Hiring a trademark attorney is the ideal route. However, there may still be hesitation as it will require coughing up some dollars. However, if it is revealed later on that a product or service infringes on someone’s trademark, you will run the risk of losing more dollars than the cost of a trademark attorney.

“This is me coming from being a CEO, not a lawyer. As business owners, and entrepreneurs when we begin and are up against raising finances, we have to be creative and figure it out. That’s just a testament to being an entrepreneur. So, if I can’t afford to get my trademark done, I need to figure out a way that I can because what it seems is, a lot of times when we try to skip steps, we end up paying for it later, and it becomes more expensive for us down the line,” Pierce said.

She continued: “But if you do it yourself, make sure you do the research. However, our research will be very different from a person who is not experienced with trademark law. Sometimes the simplest things can be missed and cost you thousands of dollars because you miss that little piece of research. As a trademark attorney, a fourth of our clients come to us after trying to do it themselves. So, I just encourage people if they’re gonna take on an entrepreneurial journey, be creative about how we raise finances so that we can hire experts.”
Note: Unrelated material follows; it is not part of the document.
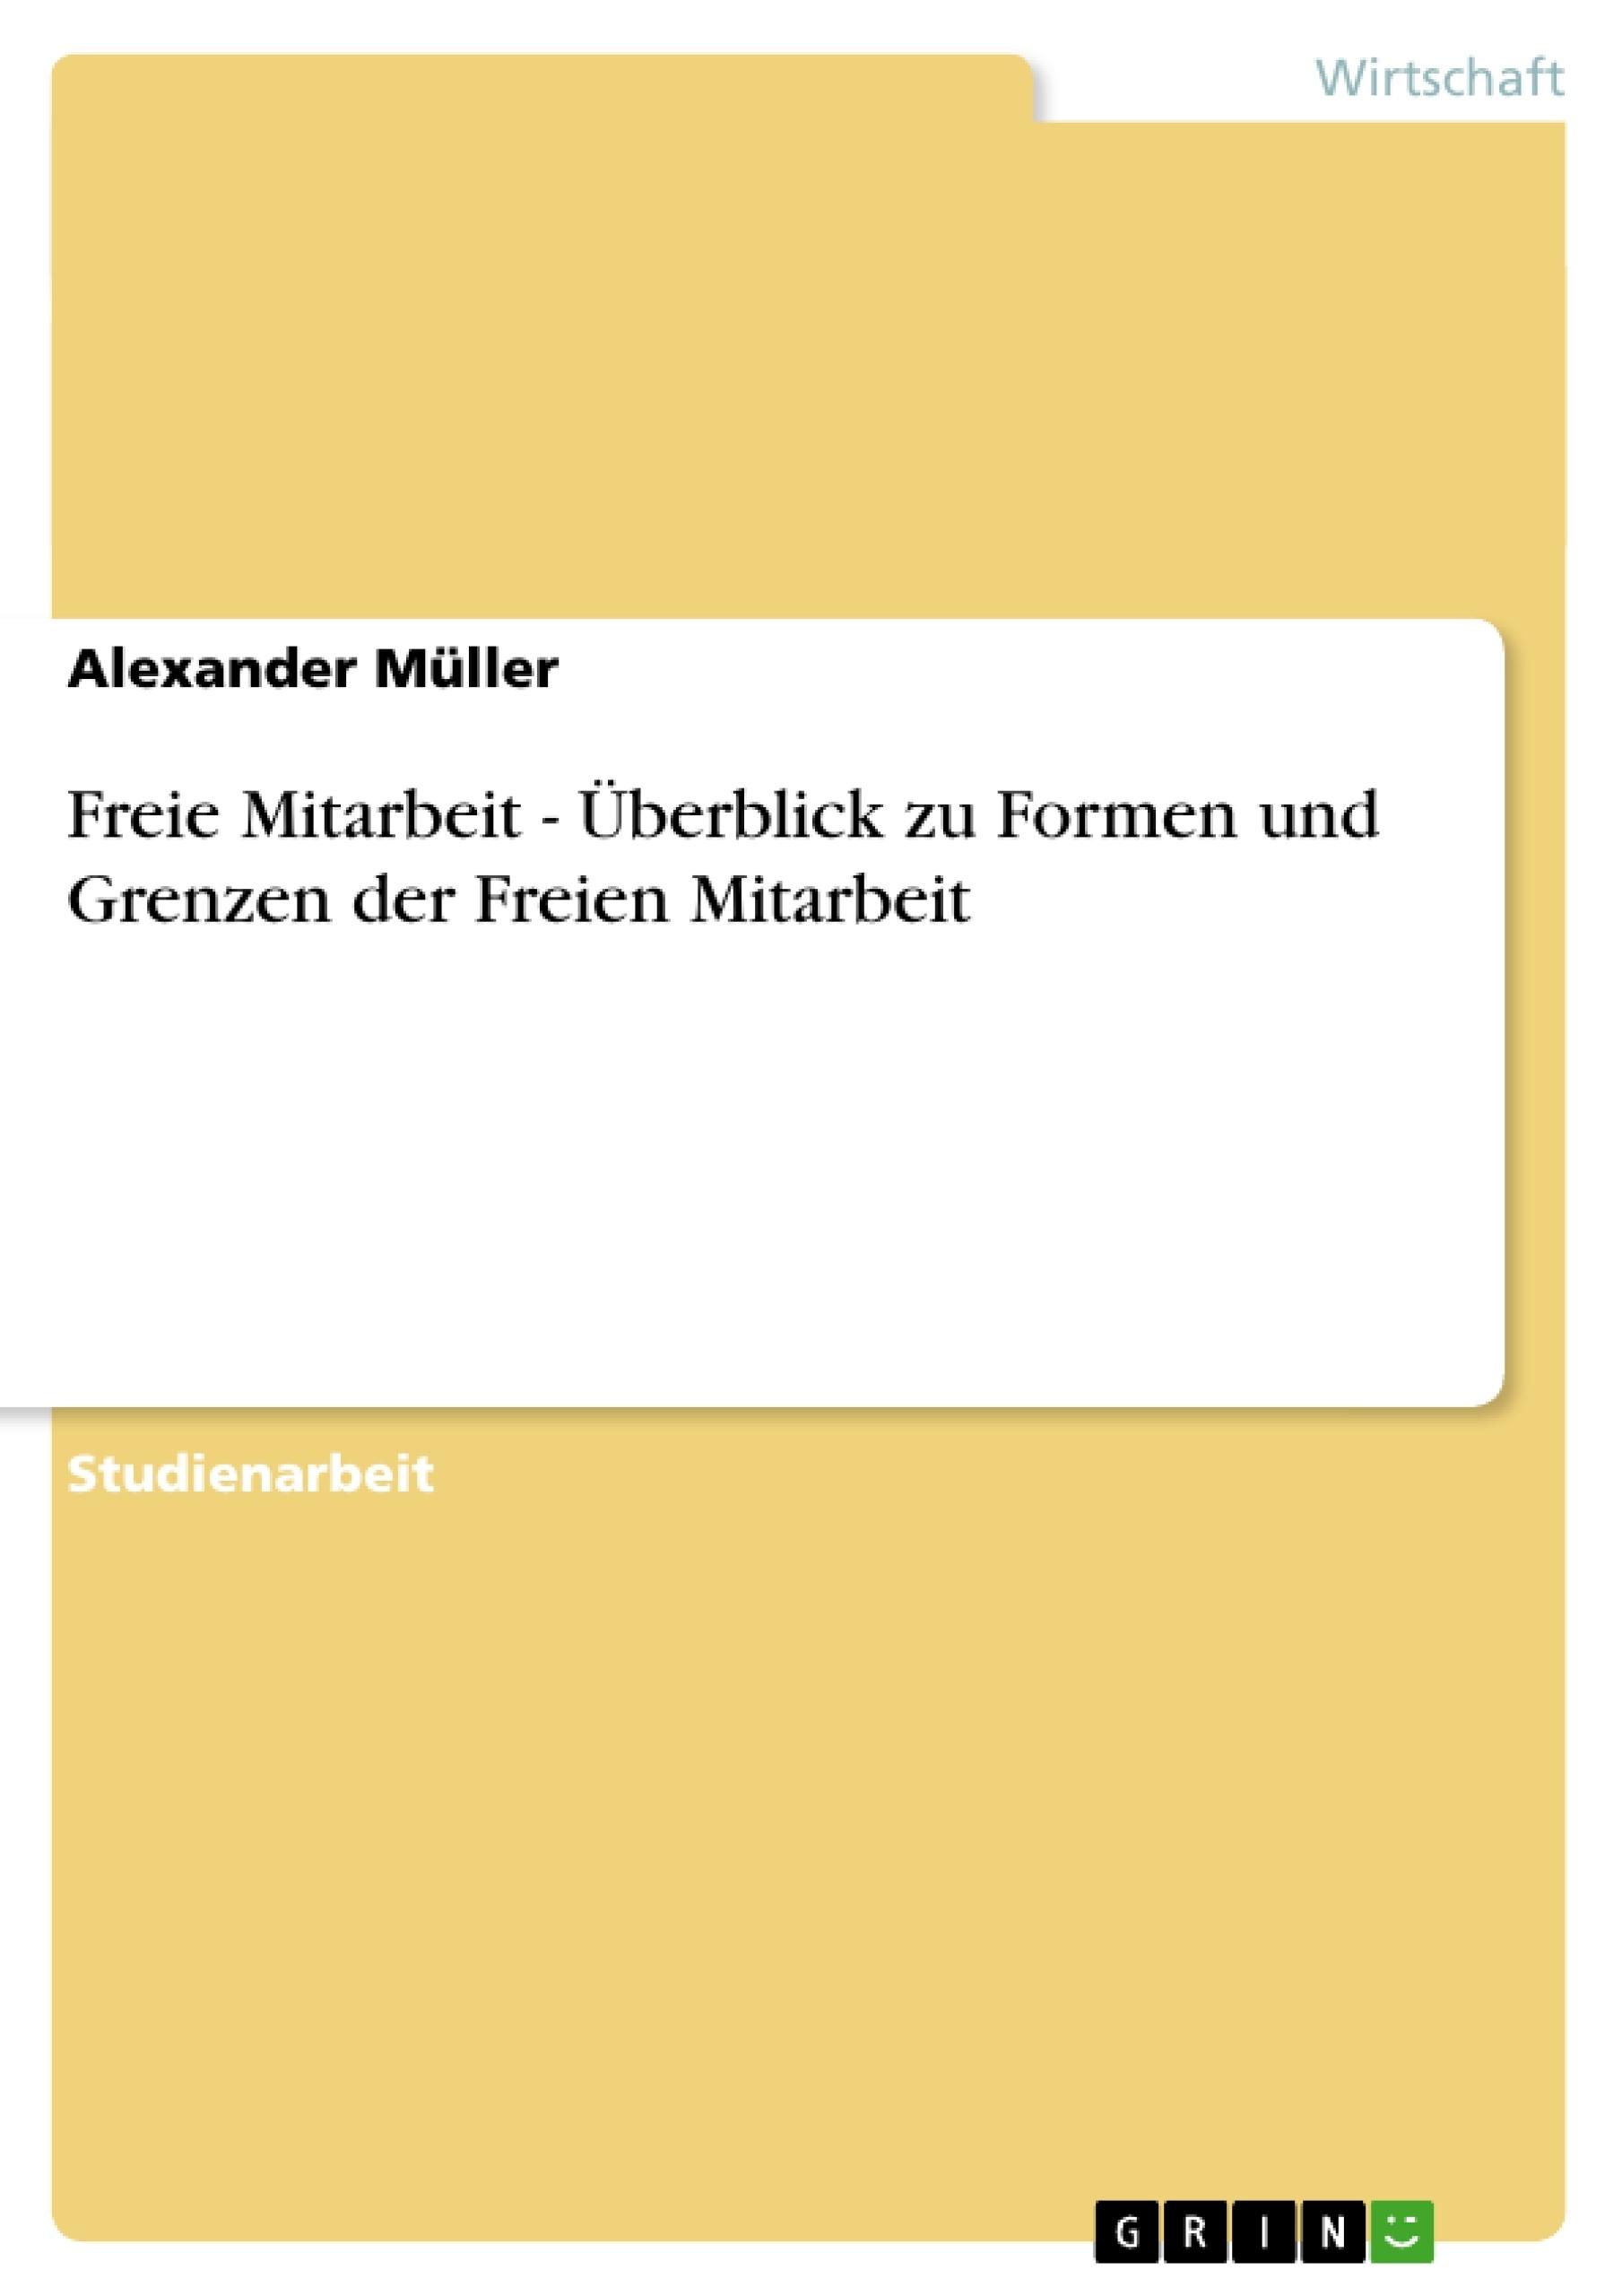 Titel: Freie Mitarbeit - Überblick zu Formen und Grenzen der Freien Mitarbeit
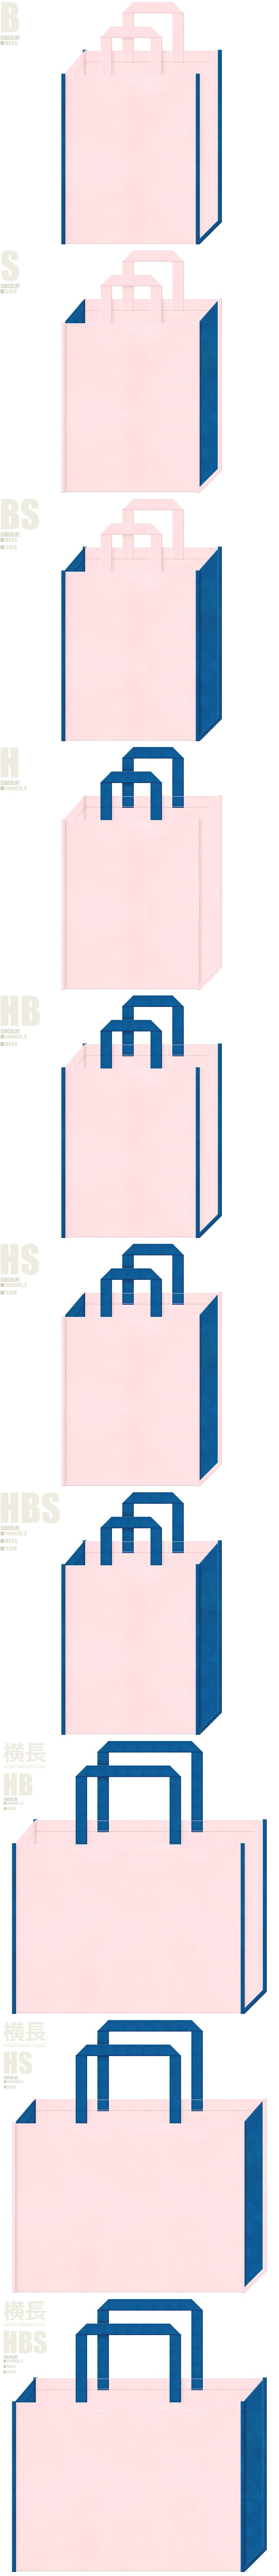 不織布バッグデザイン:桜色と青色の配色7パターン。

Do note, once the trademark is secured, it will last as long as you use it. However, it will still be important to maintain the trademark periodically.

“In order to keep your registration active, you do have to renew and file your maintenance document between your fifth and sixth year anniversary, then your ninth and tenth year anniversary, and then every ten years thereafter. So, if your brand was registered in 2000, you will file your maintenance between 2005 and 2006 and then between 2009 and 2010 and then every 10 years thereafter,” Pierce said.